Here's a fun fact: for file formats like Linux's ELF and Window's PE, the difference between a library and a binary is only 1 byte in the file header (metadata the loader understands). Both are just programs, as far as your CPU is concerned!

At present, cargo doesn't know that our two crates (rc4 and rcli) are related. Right now they just happen to exist in adjacent directories. Let's keep cargo in the loop by creating a new Cargo.toml file in the crypto_tool directory:

touch Cargo.toml

Open this newly-created file, in your editor of choice, and enter the following to inform cargo that rc4 and rcli are part of the same workspace:

[workspace]
members = [
    "rc4",
    "rcli"
]

If you run the Linux command tree, you should see the following file and directory layout:

.
└── crypto_tool
    ├── Cargo.toml
    ├── rc4
    │   ├── Cargo.toml
    │   └── src
    │       └── lib.rs
    └── rcli
        ├── Cargo.toml
        └── src
            └── main.rs

5 directories, 5 files

.rs is the extension for Rust source files. The two .rs files (main.rs and lib.rs) are where we'll write our code.

Cargo.toml files are project manifests3, configurations for Rust's build system. Notice the other two were created automatically when you ran cargo new. Take a second to review their contents.
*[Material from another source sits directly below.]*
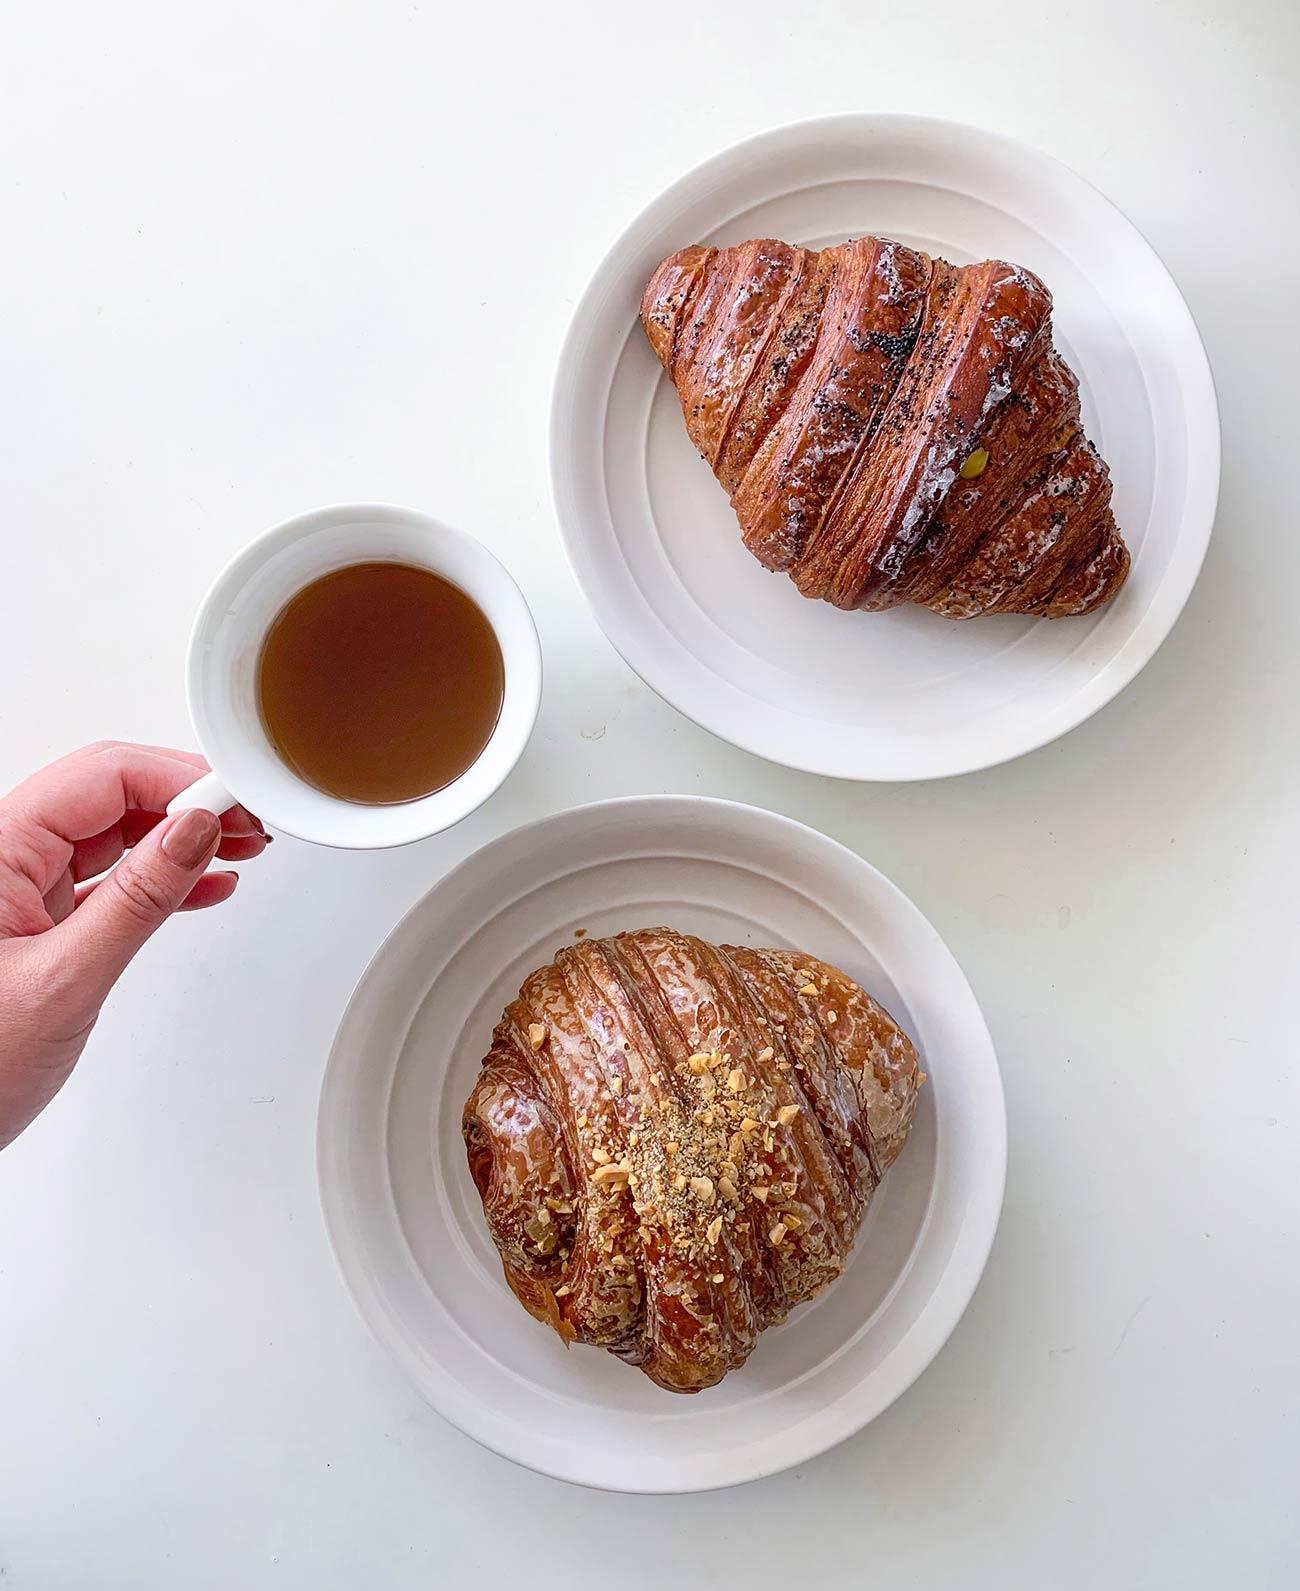 best croissants in Toronto - Le Beau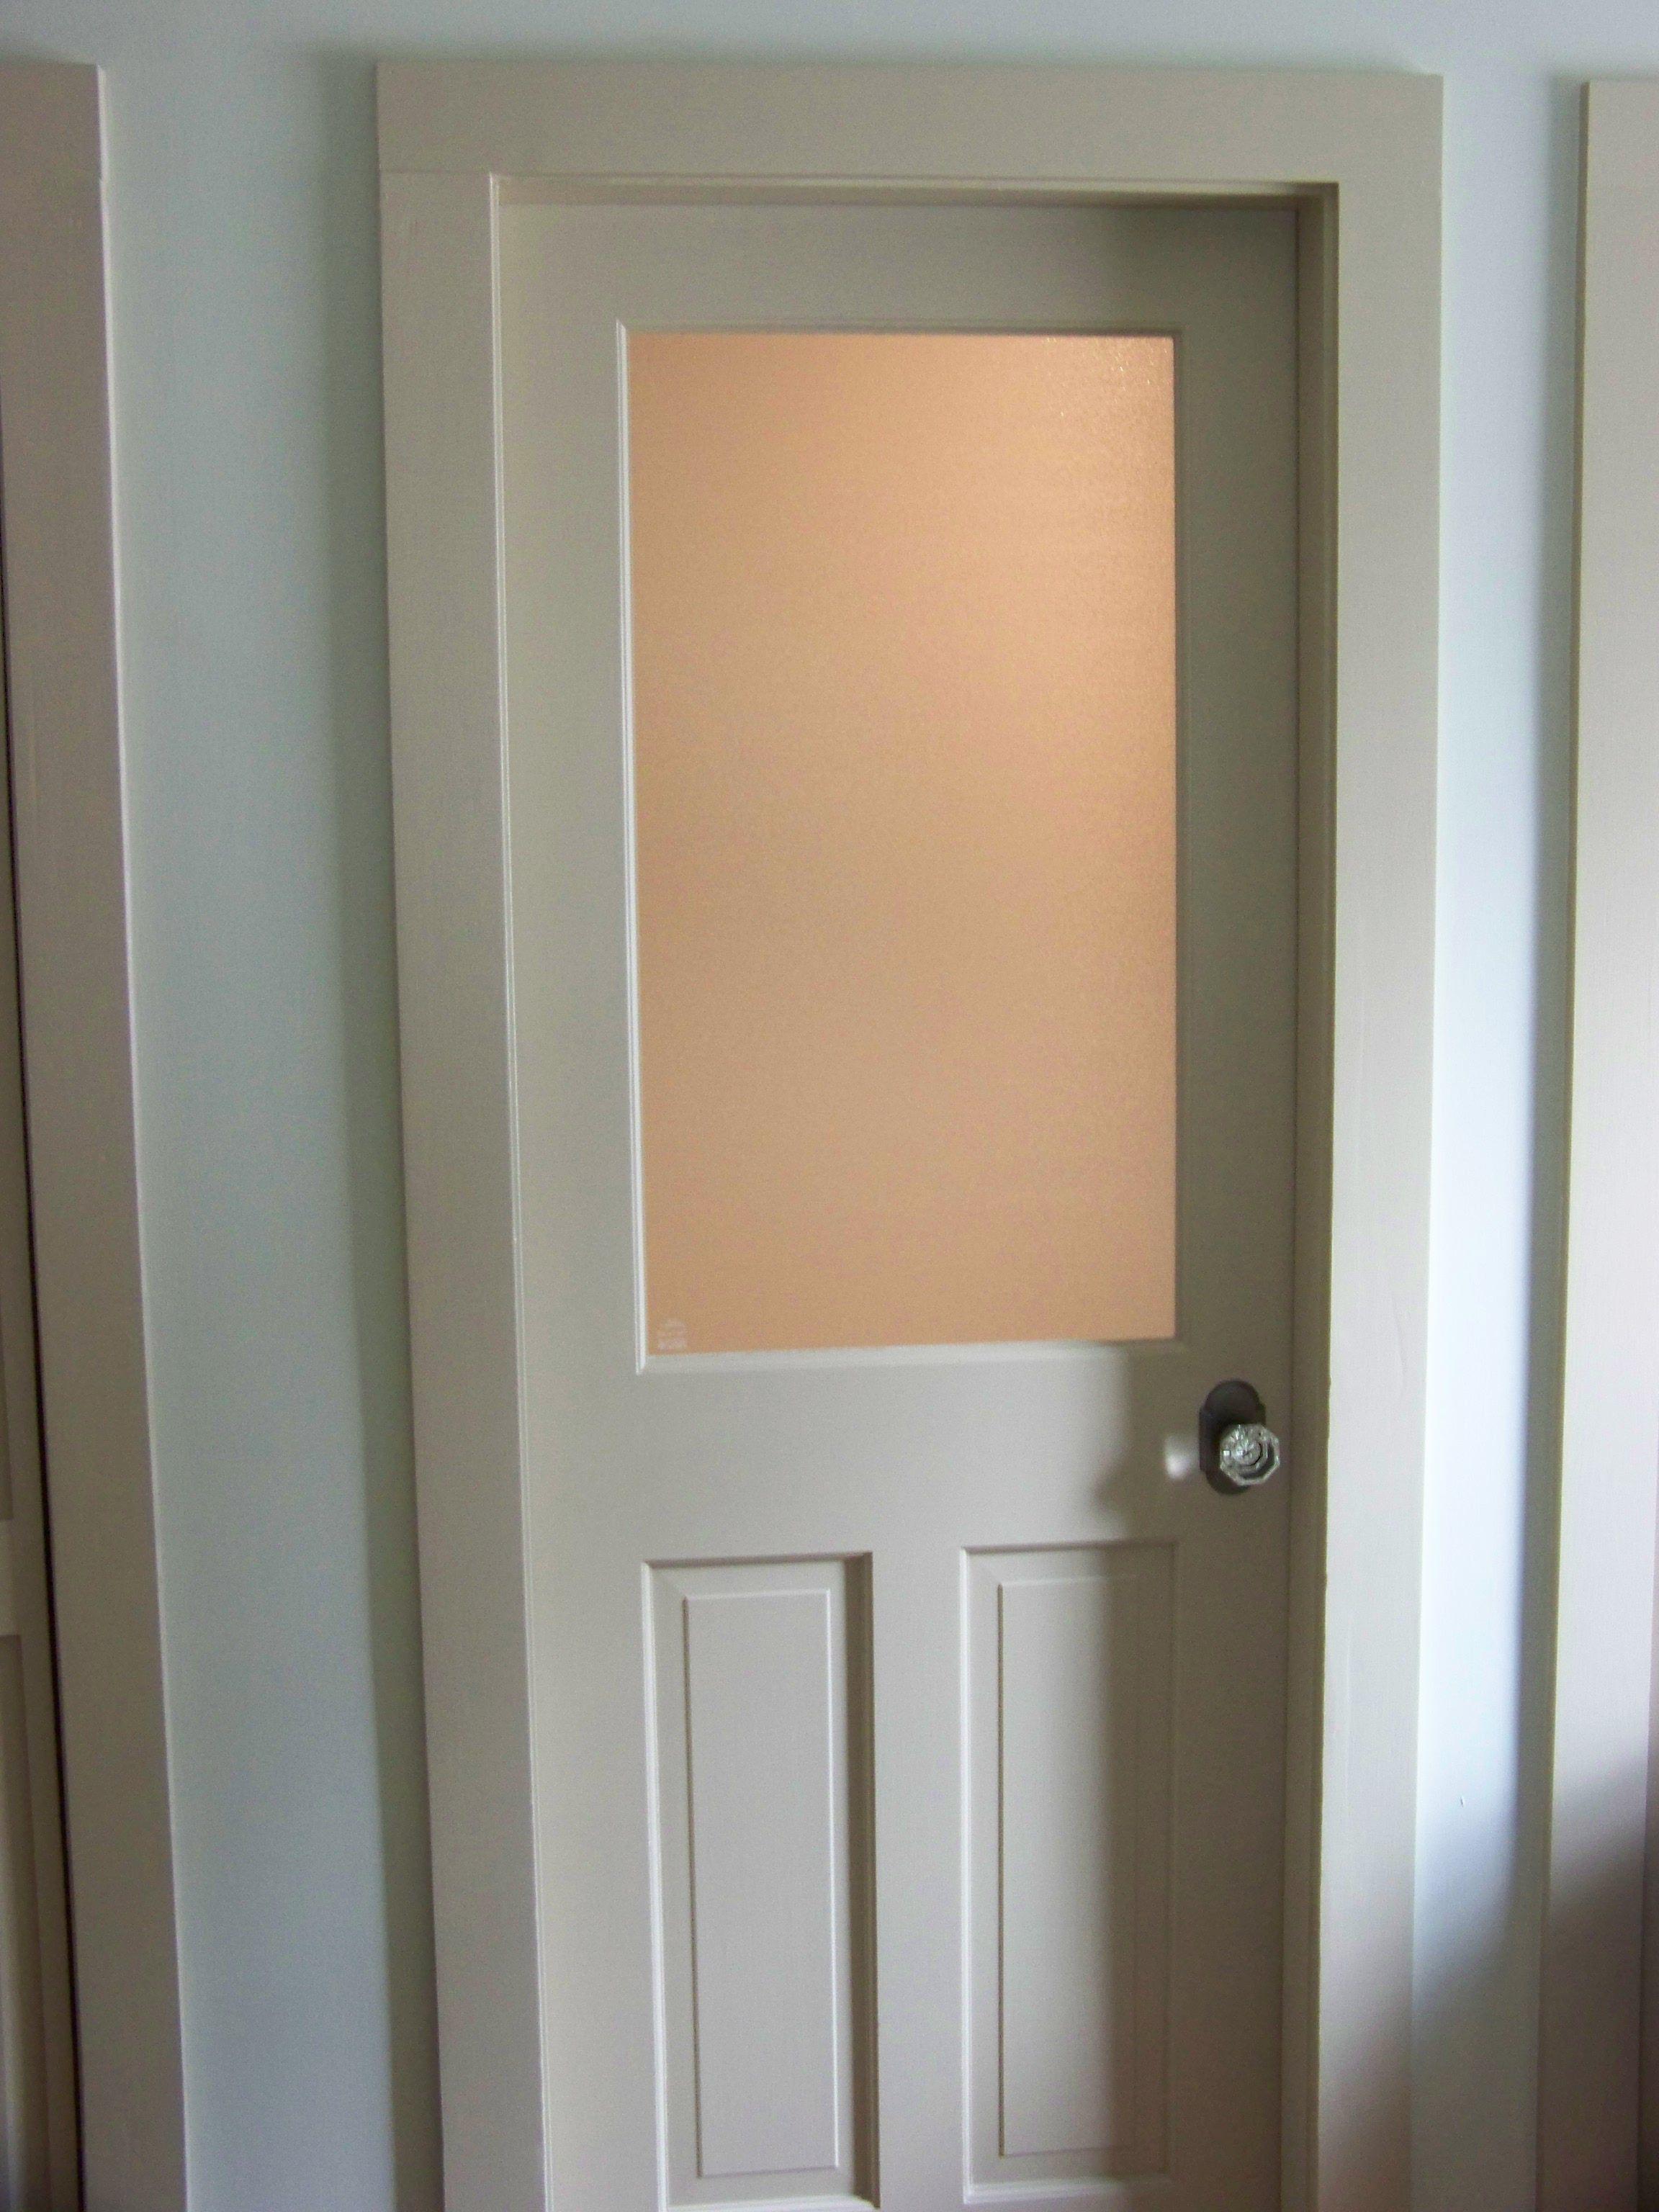 Glass Panel Interior Doors Interior Bathroom Exceptional Half Glass pertaining to measurements 2304 X 3072

rcli will depend on the rc4 library, so cargo needs a way to locate the library code at compile time. We'll want to add an entry under the [dependencies] tag of its Cargo.toml file. Open rcli/Cargo.toml and append the last line as below:

[package]
name = "rcli"
version = "0.1.0"
edition = "2021"

# See more keys and their definitions at https://doc.rust-lang.org/cargo/reference/manifest.html

[dependencies]
rc4 = { path = "../rc4" }

To verify that your workspace is ready to roll, run cargo build from the crypto_tool directory. You should see output similar to the below, showing both rc4 and rcli being successfully compiled:

   Compiling rcli v0.1.0 (/home/tb/proj/high-assurance-rust/code_snippets/chp2/crypto_tool/rcli)
   Compiling rc4 v0.1.0 (/home/tb/proj/high-assurance-rust/code_snippets/chp2/crypto_tool/rc4)
    Finished dev [unoptimized + debuginfo] target(s) in 0.43s

Now that the boilerplate is out of the way, we're ready to start writing our embedded-friendly RC4 library!

Do I have to understand all the details in the next section?

Nope. The next section is going to expose you to both Rust syntax and cryptography concepts. You don't need to fully understand the minutiae to proceed.

  • Rust's unfamiliar syntax will sink in as we progress, especially after Chapter 3.

  • Cryptography is not the focus of this book, you only need to grasp the broad strokes as context for the example program we're developing in this chapter.


1

Generally speaking, there are no false positives in dynamic analysis. But there exist test-specific exceptions. For example, say you're fuzzing (stress testing) a single function to find crashing inputs. You may find a crash, but in reality the full program may sanitize (normalize or reject) your crashing input before passing it along to the function under test. In this case, the crash may not actually be reproducible in the context of the larger program.

2

Workspaces. The Cargo Book (Accessed 2022).

3

The Manifest Format. The Cargo Book (Accessed 2022).